Longtemps concentrée sur l’exploration et la production d’hydrocarbures, notamment au Maroc, en Namibie et en Mauritanie, elle veut aujourd'hui s’imposer comme acteur clé de la transition énergétique sur le continent africain. Le mémorandum d’entente couvre six pays : Afrique du Sud, Botswana, Namibie, Mozambique, Zambie et Tanzanie. Les partenaires ambitionnent de développer un portefeuille de projets combinant production renouvelable, stockage par batteries et solutions gaz-vers-électricité. L’énergie produite devrait alimenter les réseaux publics, ainsi que des clients industriels et commerciaux.
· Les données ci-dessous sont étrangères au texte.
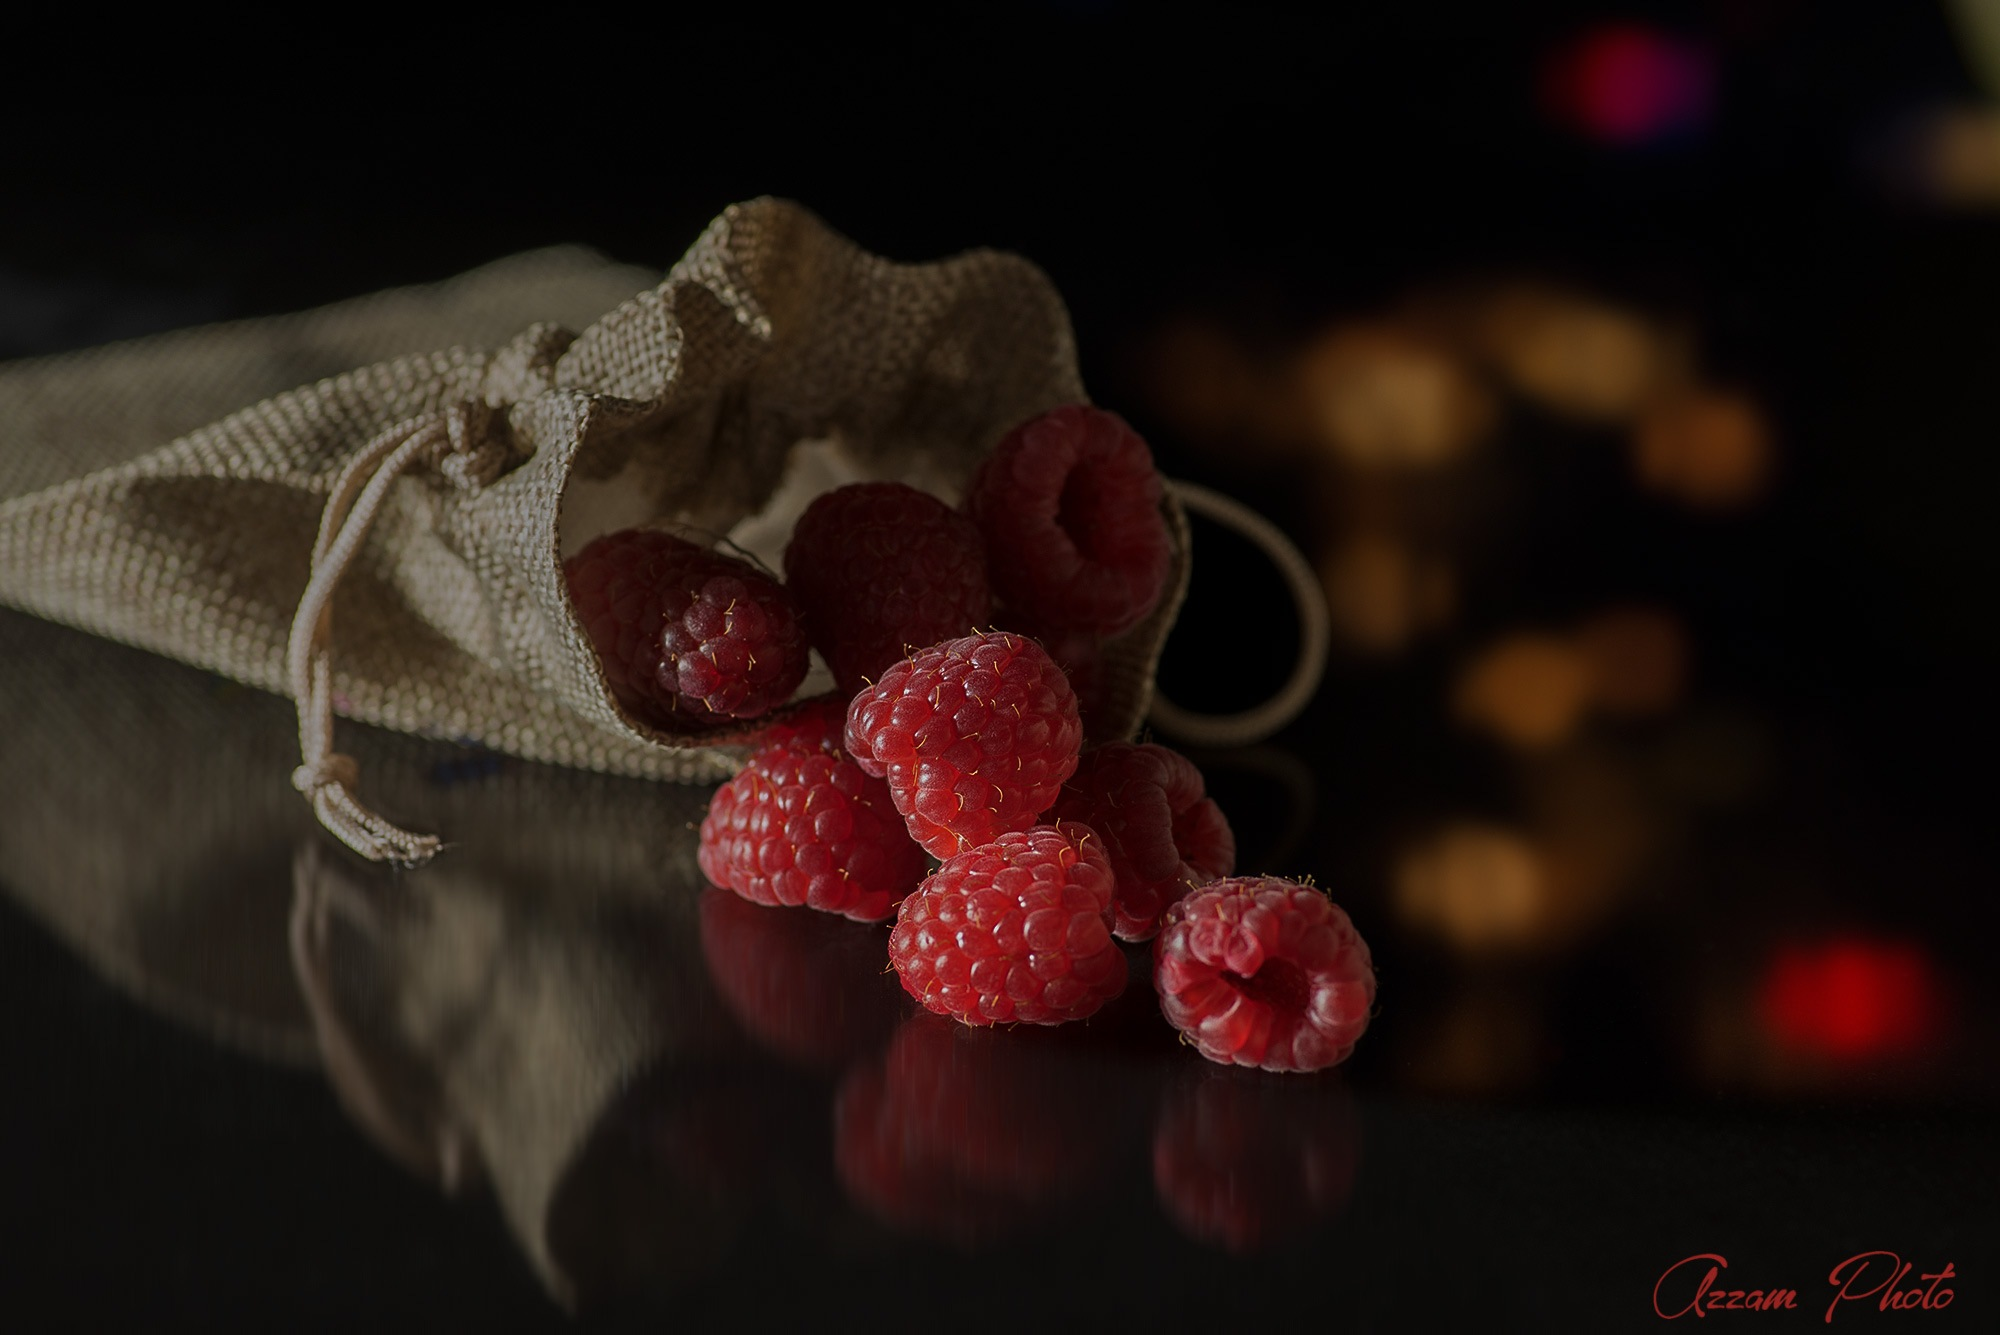 Untitled by Azzam Qourti

Selon le communiqué, les deux parties mettront en commun leurs capacités techniques, opérationnelles et financières pour concevoir des projets évolutifs capables de répondre à la demande en électricité croissante dans la sous-région ciblée. Présent dans plus de douze pays, ACWA Power apportera son expertise dans le financement et la gestion de grands projets d’énergies renouvelables, tandis que Chariot s’appuiera sur sa connaissance des marchés africains et une présence elle aussi déjà établie dans plusieurs pays.
La première étape portera sur des études de faisabilité techniques, économiques et réglementaires. Aucune enveloppe financière ni calendrier n’ont encore été annoncés, mais les partenaires se disent prêts à avancer vers des accords contraignants si les résultats s’avèrent concluants. Leur initiative survient dans un contexte régional de défis : selon un rapport publié en 2024 par le Global Development Policy Center de l’Université de Boston, l’Afrique australe devra en effet ajouter près de 53 GW de capacités électriques d’ici 2040 pour atteindre l’accès universel à l’énergie.
Adonis Pouroulis, le Directeur général de Chariot Energy, a salué « une opportunité de construire une activité énergétique significative et durable » en Afrique. Selon lui, la combinaison des atouts des deux entreprises peut « libérer des opportunités d’investissement » dans une région où les besoins en infrastructures sont encore considérables.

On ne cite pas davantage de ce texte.